Abdullah Al Mamoon

Scour can be a significant design concern for subsea structures used in the ocean engineering when they are situated on mobile seabed. Subsea foundations are mostly installed on the seabed of deep water where wave induced flow velocity diminishes and flow is dominated by tidal current. In the ocean, coastal and river engineering, local scouring of sand bed around underwater structures is a hidden threat to the safety of bridge piers and subsea structures. There are currently minimal approaches available in the literature to estimate the local scouring and flow structure with various distance spacing across the cylinder.

Motivated by this limitation, a detailed investigation of flow past wall-mounted two square cylinders which arranged in tandem and staggered are successfully done by numerical simulation. This research also involves with experimental work to investigate the effects of the arrangement of two submerged square piles on water flow induced local scour topography at the sand-covered bed in steady current under clear water scour condition. 

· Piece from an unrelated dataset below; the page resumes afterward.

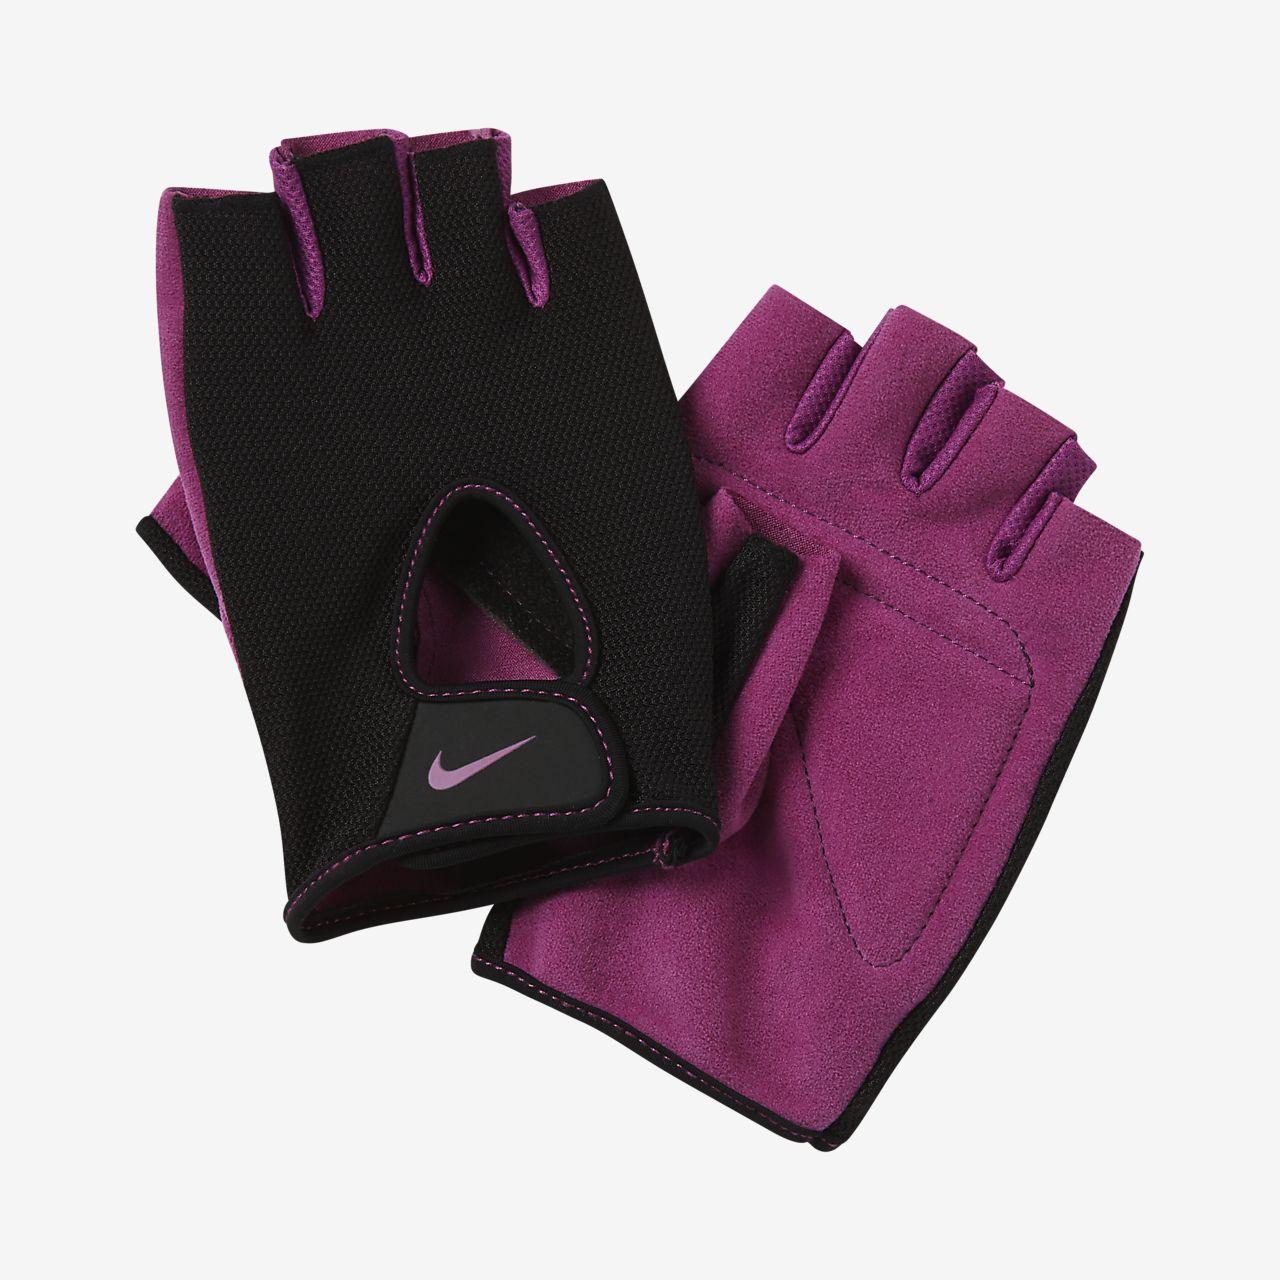 Träningshandskar Nike Fundamental 2.0 för kvinnor
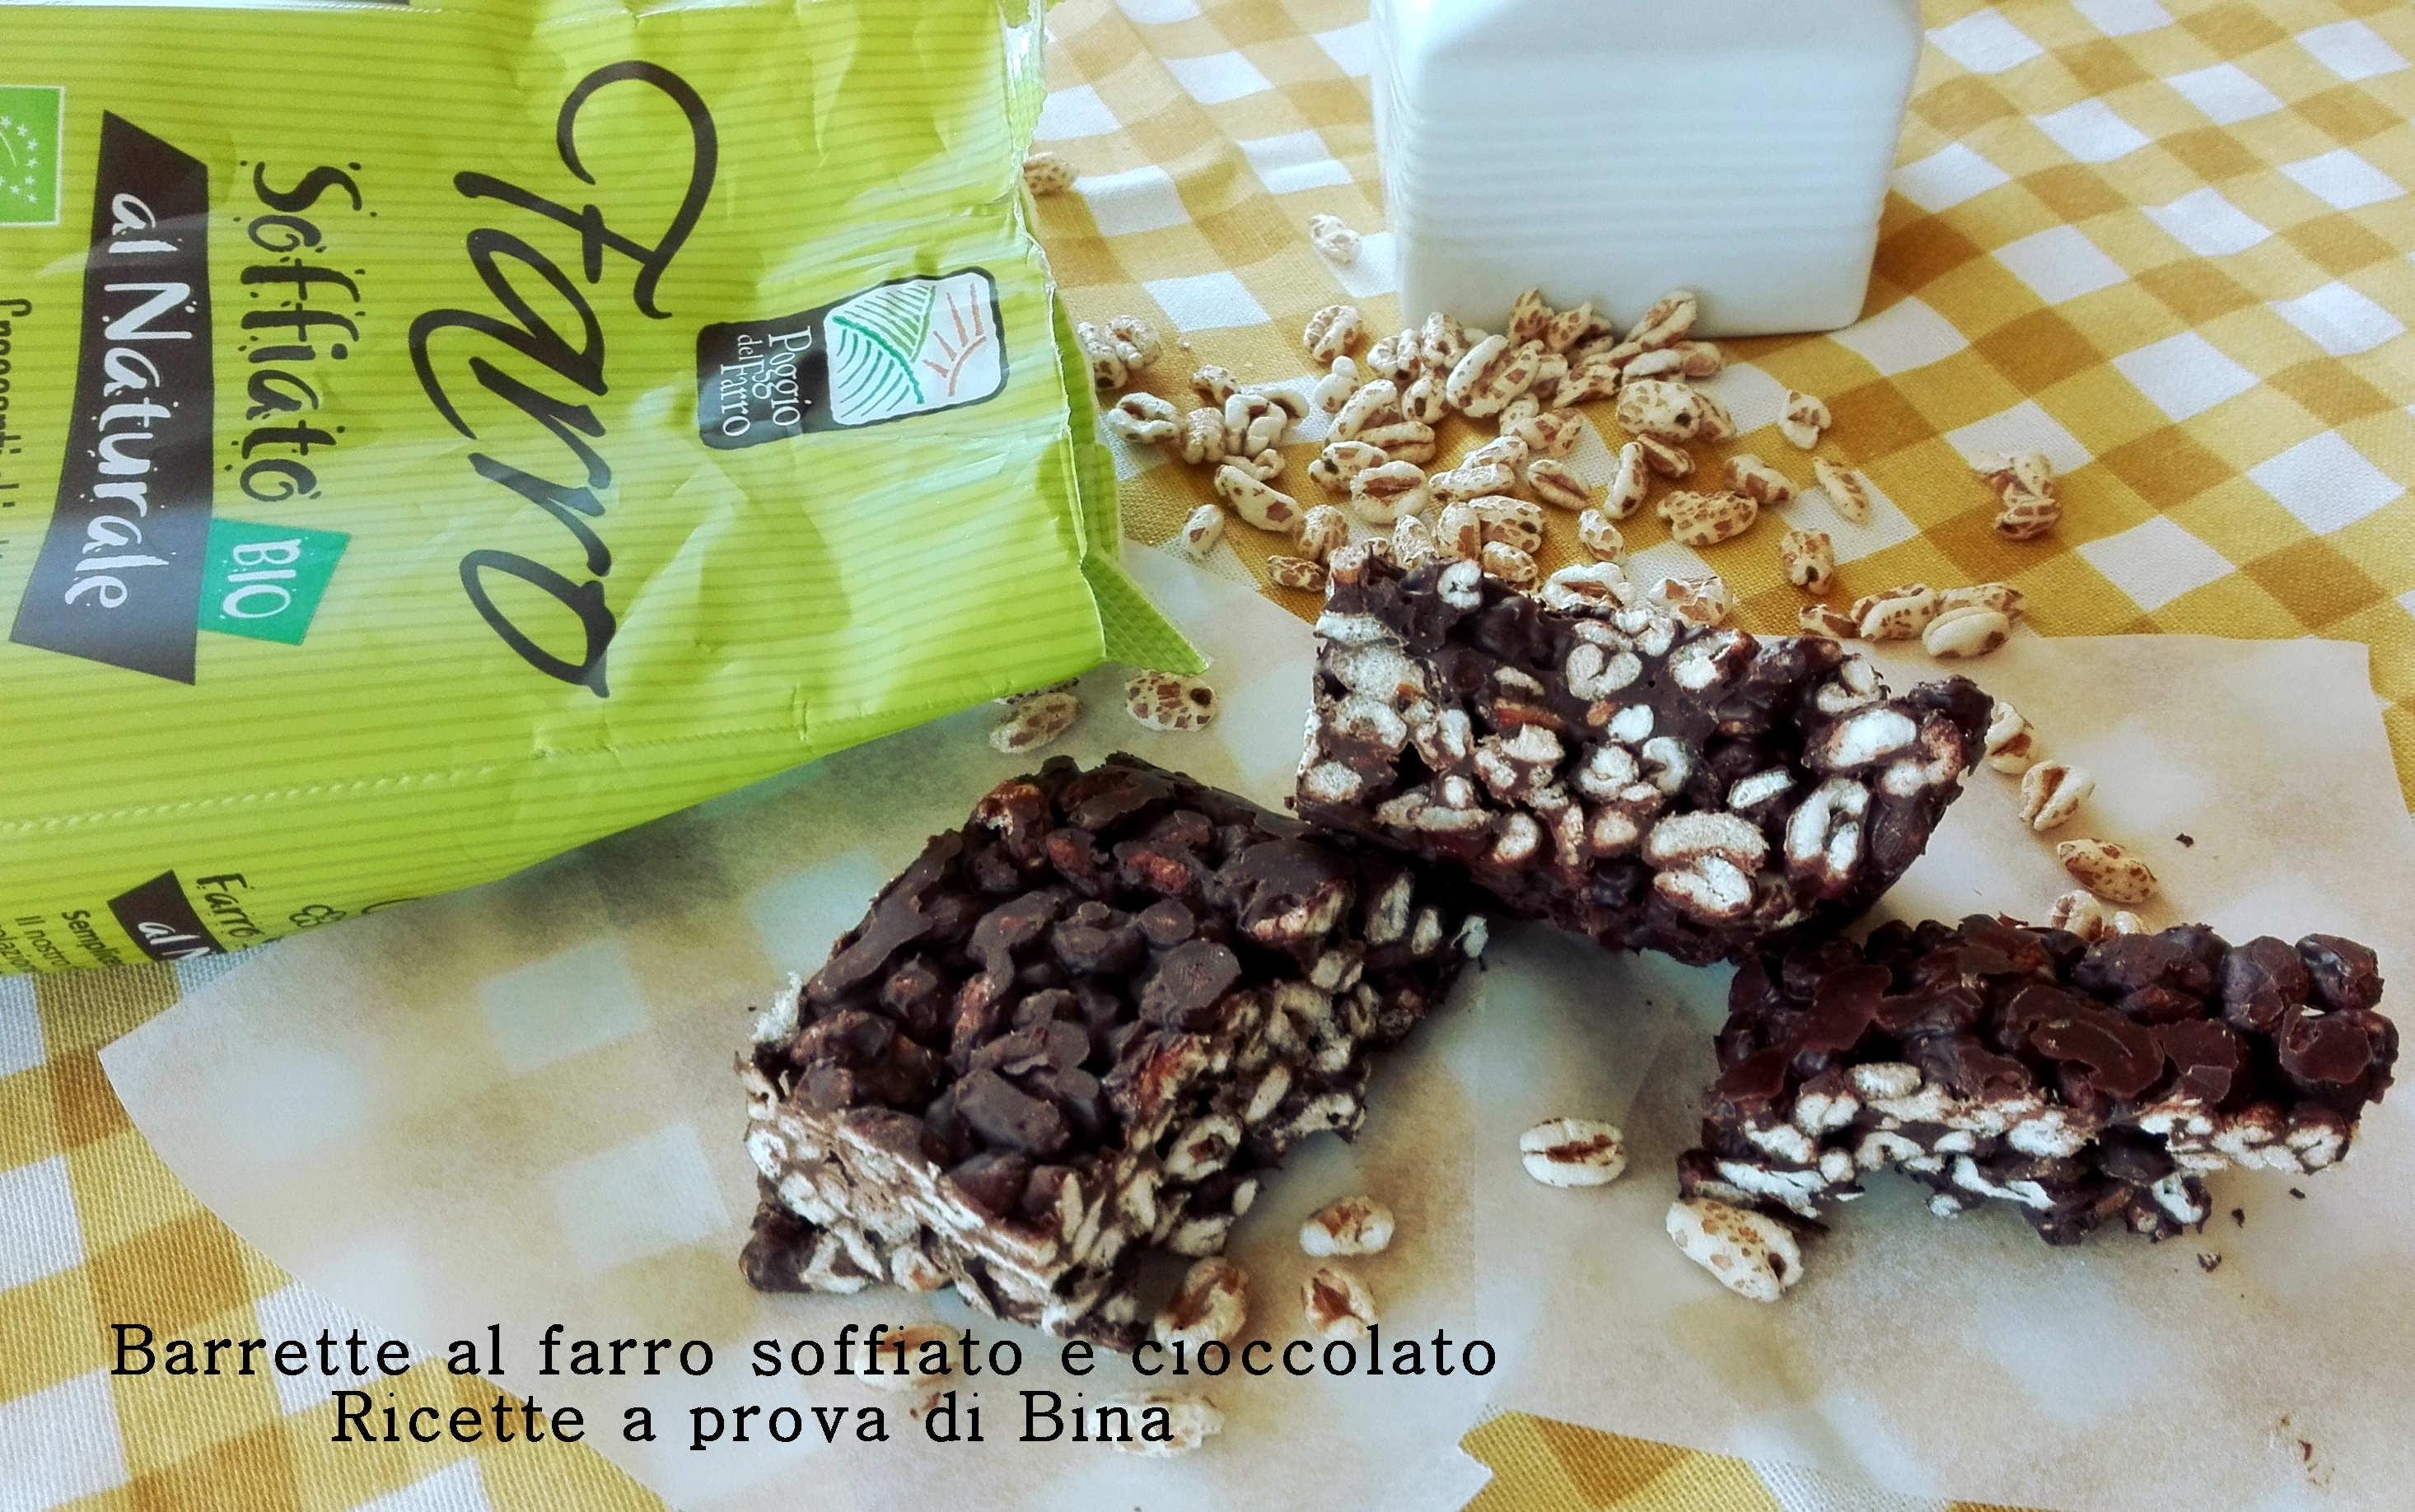 Barrette al farro soffiato e cioccolato - Bagno di cioccolato ...

Experiments were conducted for the tandem arrangement, side-by-side (SBS) and staggered arrangements in a of 1 m wide, 0.8 m high and 16m long water flume in the hydraulic laboratory at Western Sydney University, Australia. Results showed that in the tandem arrangement, the scour of the upstream pile is similar to that of a single pile, but the scour of the downstream pile goes through three stages: scour, backfill and re-scour. The backfill stage is caused by the downstream motion of the sand dunes generated from the upstream pile. In the SBS arrangement, the evolution of scour of each pile is similar to that of a single pile. In the staggered arrangement, the maximum scour depth of the downstream pile is greater than that of the upstream pile because the flow is accelerated twice from the corners of the two piles, respectively. The maximum scour depth of the tandem arrangement is similar to that of a single pile.